_What the task asks:_
Output exactly, in the material below, the lines from the one with "Арт. 21431 Зонт с карбоновым держателем" through the one with "Shiranui Futatsu 19". Omit all pictures.

Start of Source records

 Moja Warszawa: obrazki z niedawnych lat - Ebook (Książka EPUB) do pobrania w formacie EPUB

End of Source records
Start of Source records

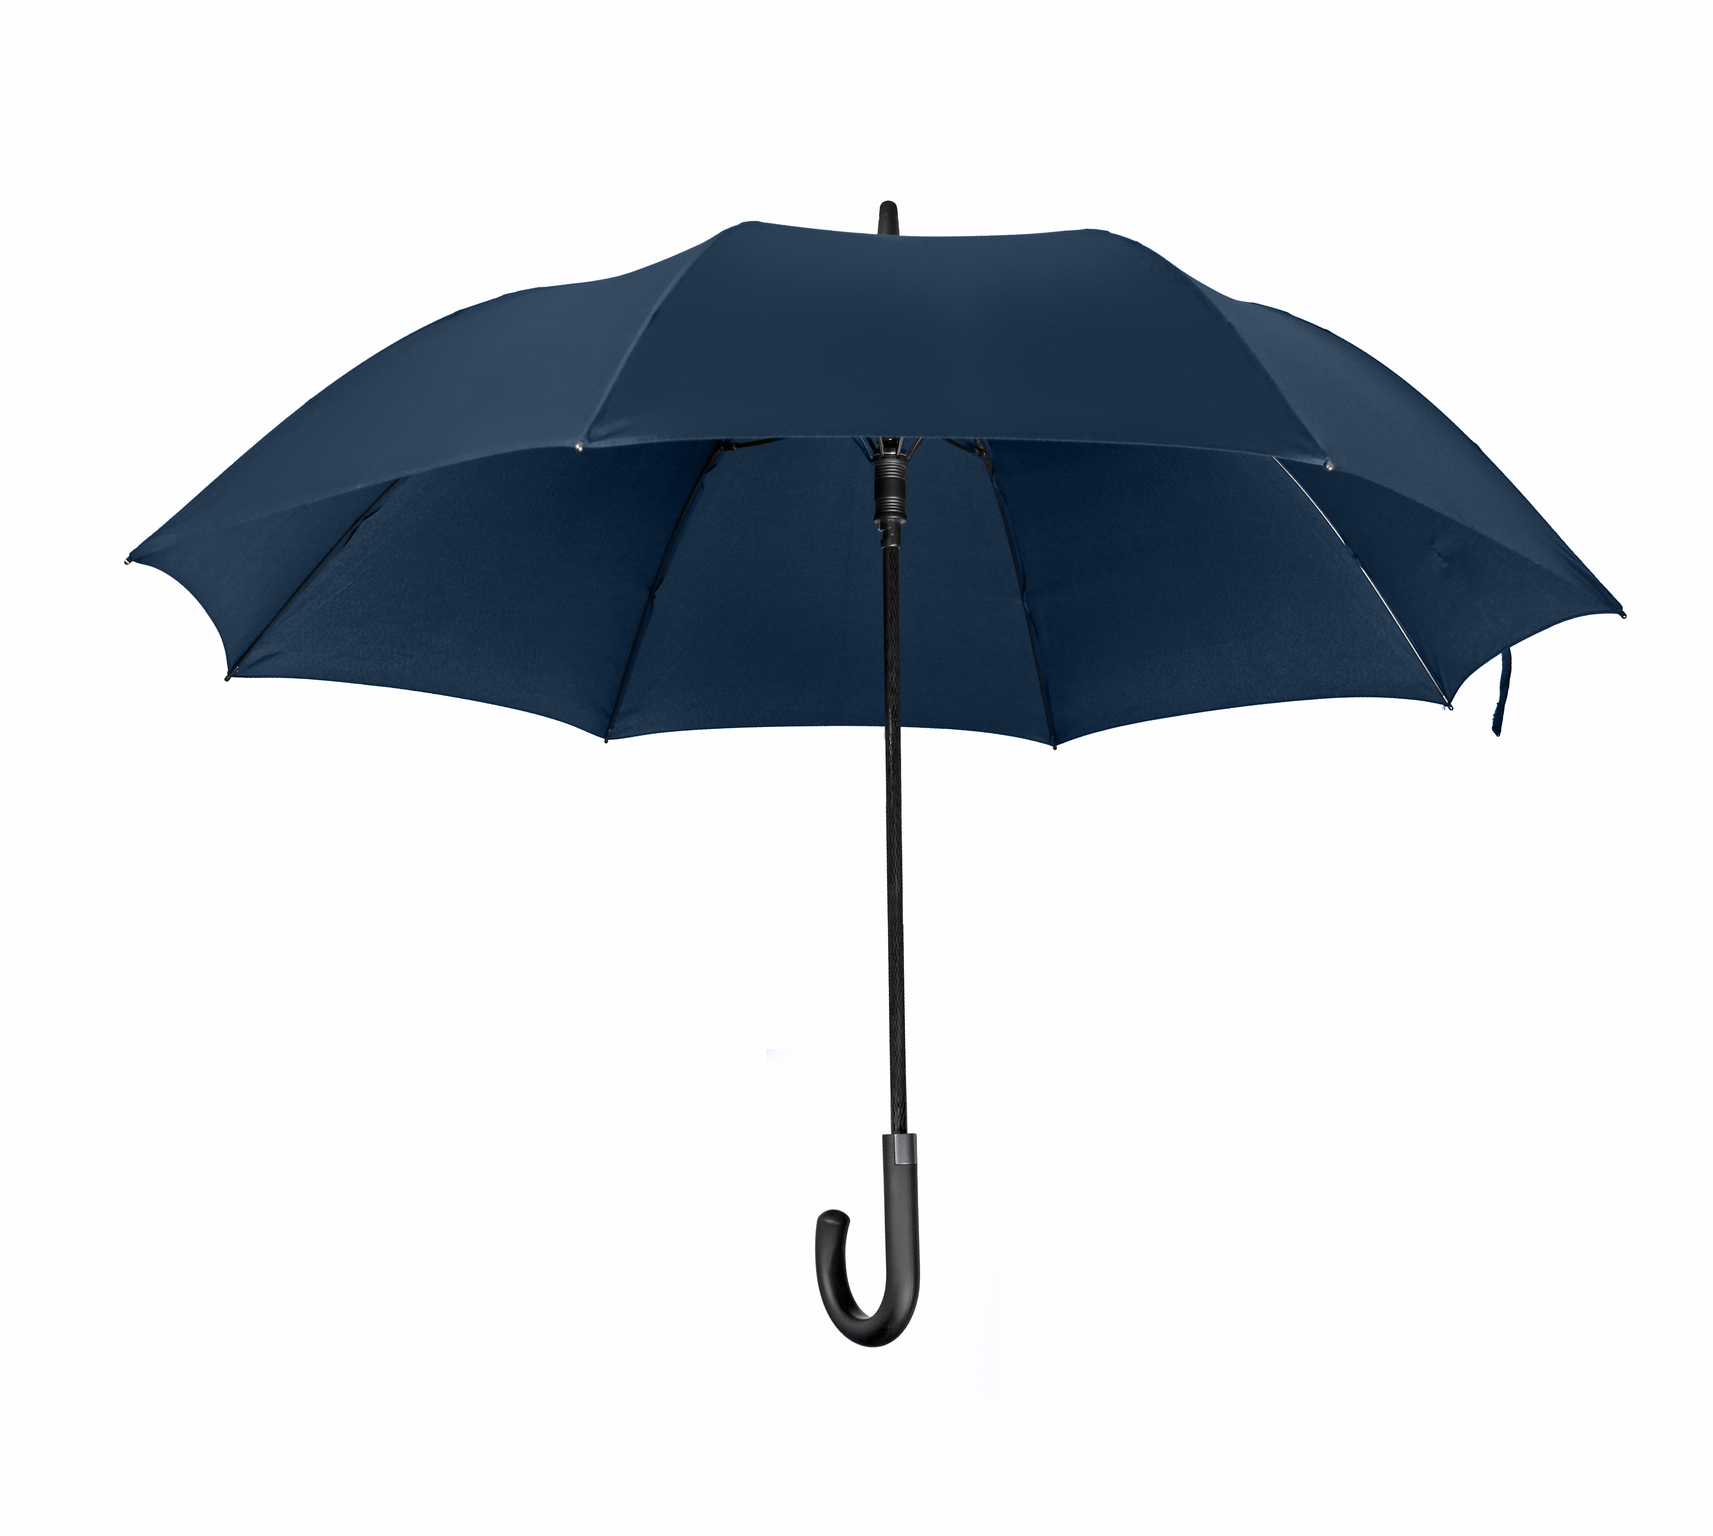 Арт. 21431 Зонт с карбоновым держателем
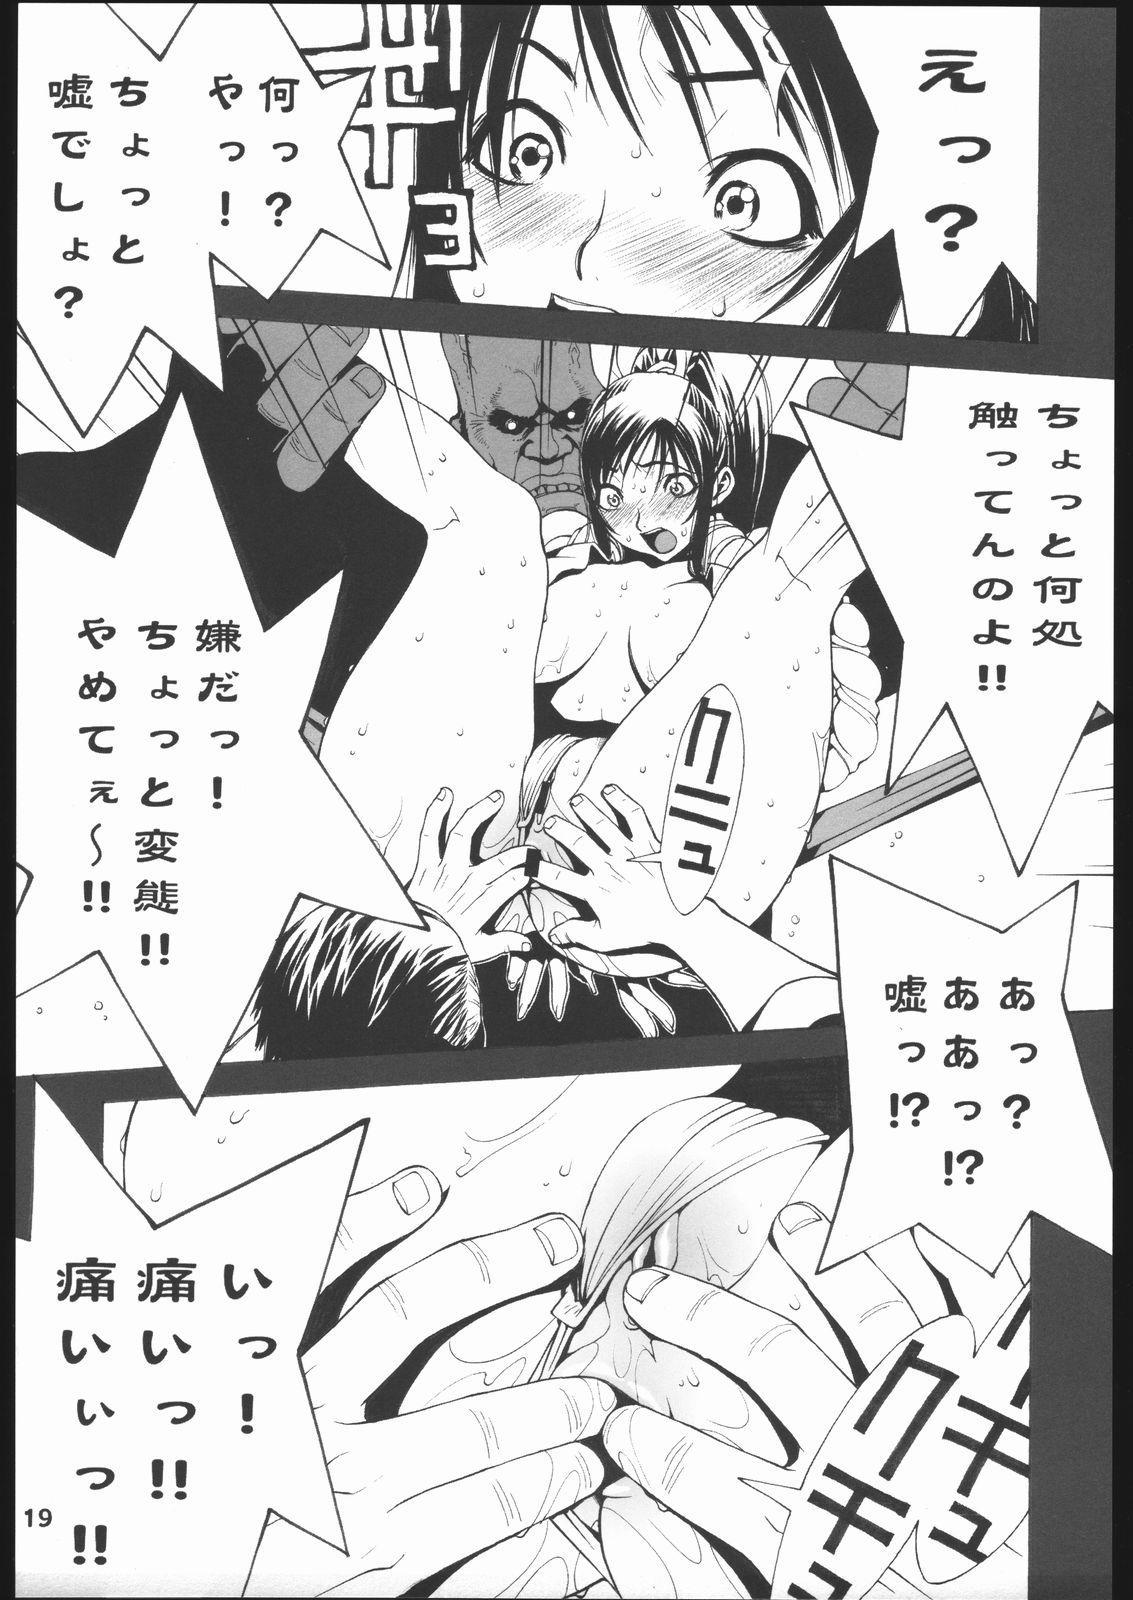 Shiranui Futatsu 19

End of Source records

_Result of this exercise:_
 Арт. 21431 Зонт с карбоновым держателем
 Shiranui Futatsu 19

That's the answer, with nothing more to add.